The 3-D itself is on one hand less aggressive than, say, The Charge at Feather River or, more recently, Comin’ at Ya! (1981), the fun, neo-spaghetti Western in which no 3-D splurge is left unexploited. At the same time, Gog uses 3-D in consistently interesting, sometimes innovative ways, taking advantage of depth modern 3-D movies, strangely, often don’t do at all. In Gog, for instance, many of the sets are deliberately layered closer to and farther away from the camera, rooms and compartments sometimes separated by glass and doorways. Seen flat Gog always looked unusual but not in the good sense. In 3-D, however, the set design is often striking.

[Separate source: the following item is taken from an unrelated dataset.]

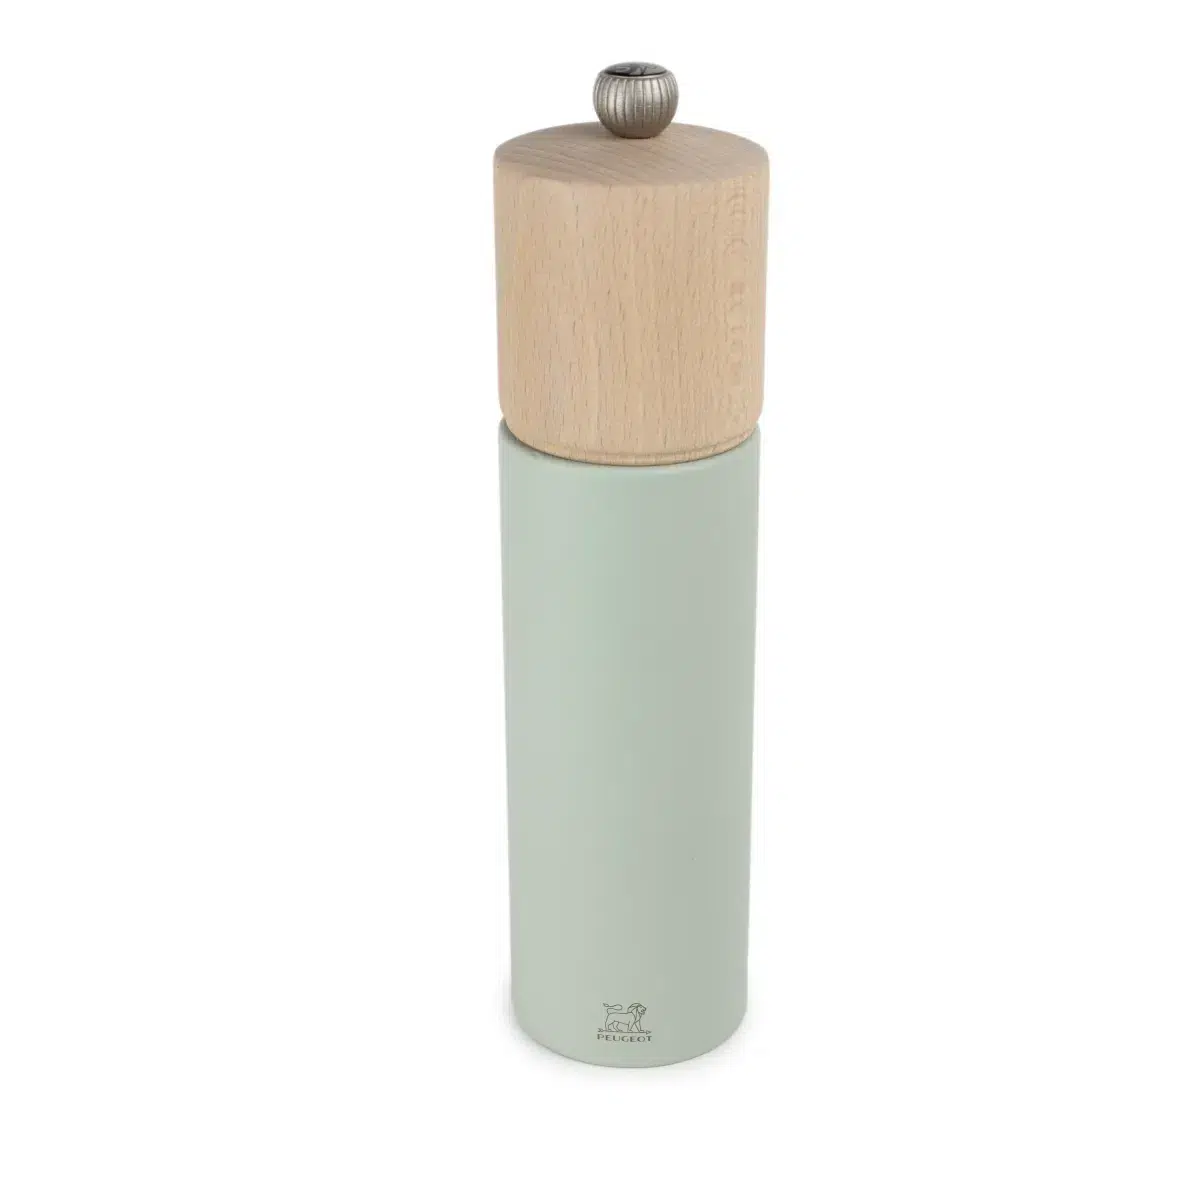 Eine Salz- oder Pfeffermühle im minimalistischen Design mit hellblauem Korpus und natürlichem Holzdeckel.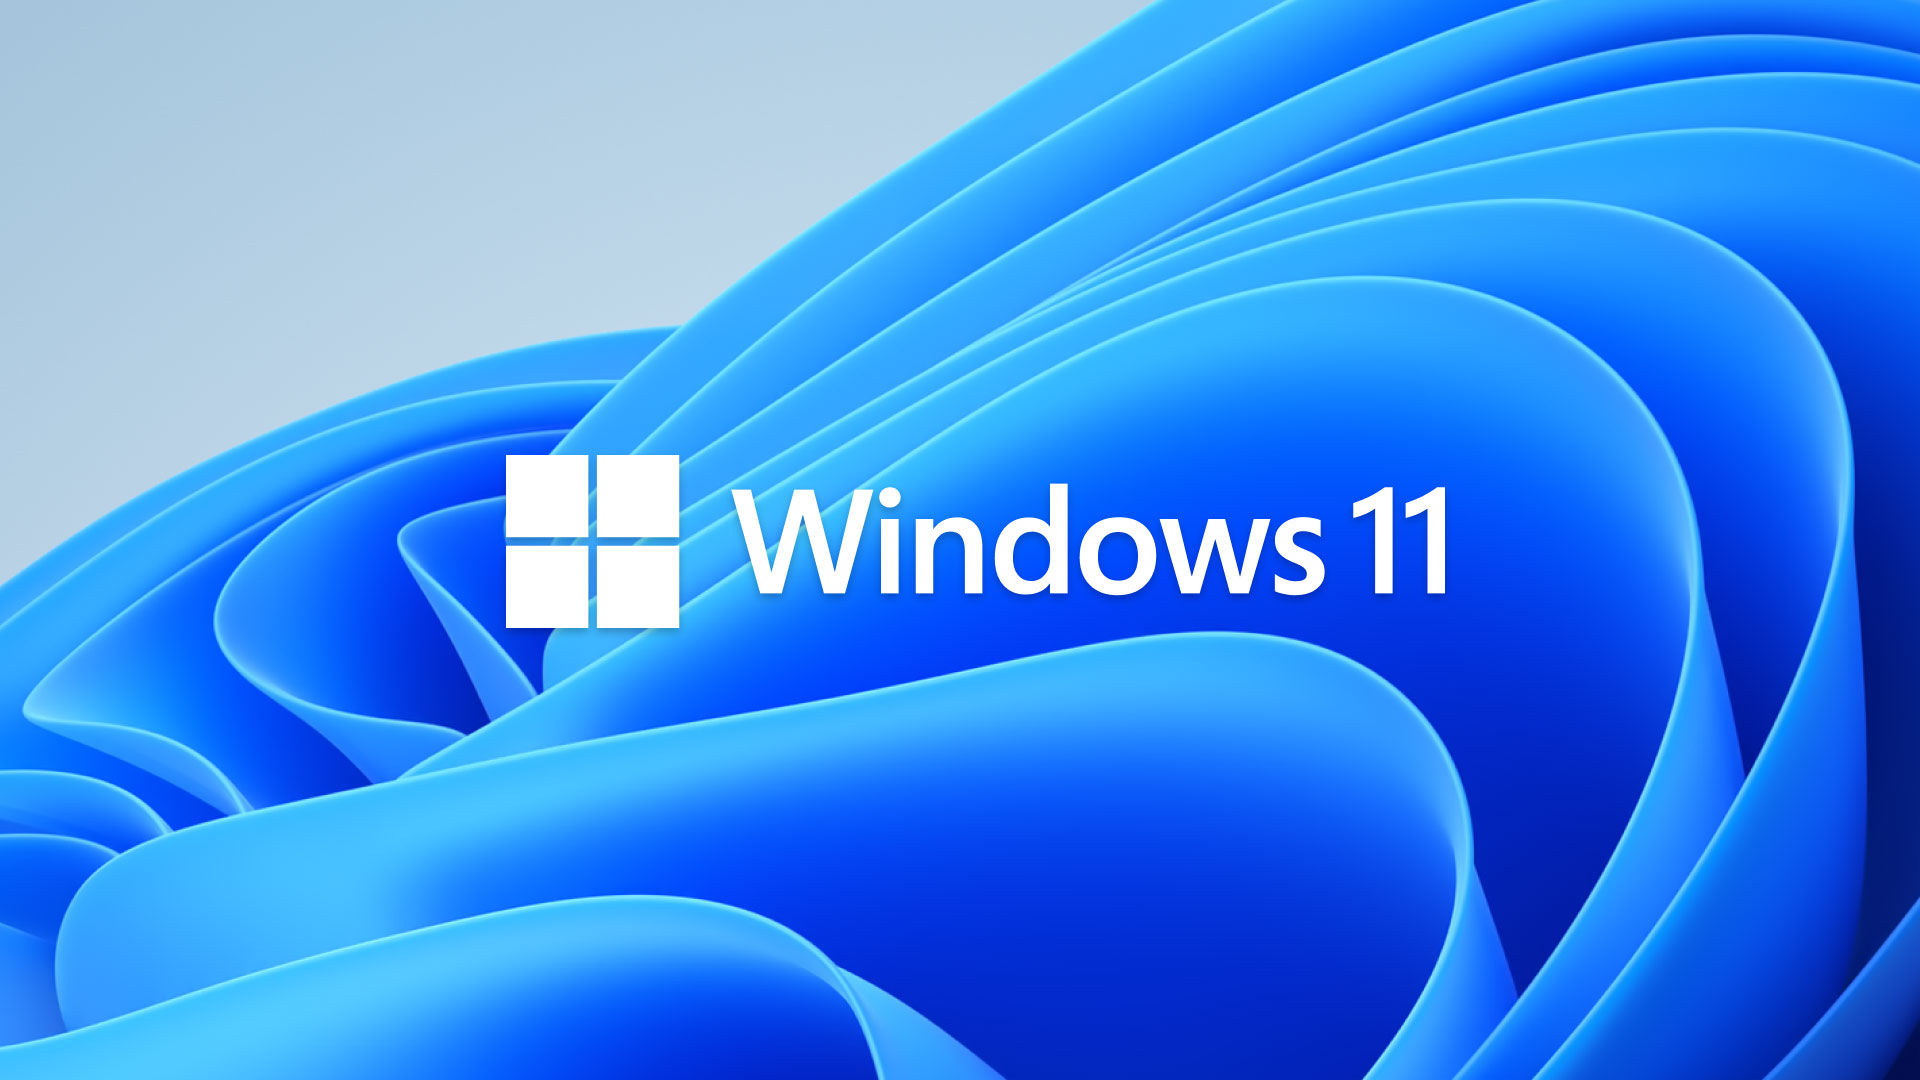 A Windows 11 Logo

Further enhancing the Blu-ray is a superb Restoration Comparison that demonstrates just how challenging it was to bring Gog back to life; archival interviews from 2003 with director Herbert L. Strock and cinematographer Lothrop B. Worth, who sadly didn’t live to see this gorgeous restoration; and, best of all, an information-packed, typically humorous audio commentary by Tom Weaver, the go-to guy for such things. He apologizes up front for having less to say about Gog than his other commentary tracks for lack of existing archive documents but you’d never know that for its wealth of information. He’s joined by Bob Furmanek and David Schecter to discuss the film’s restoration and score, respectively.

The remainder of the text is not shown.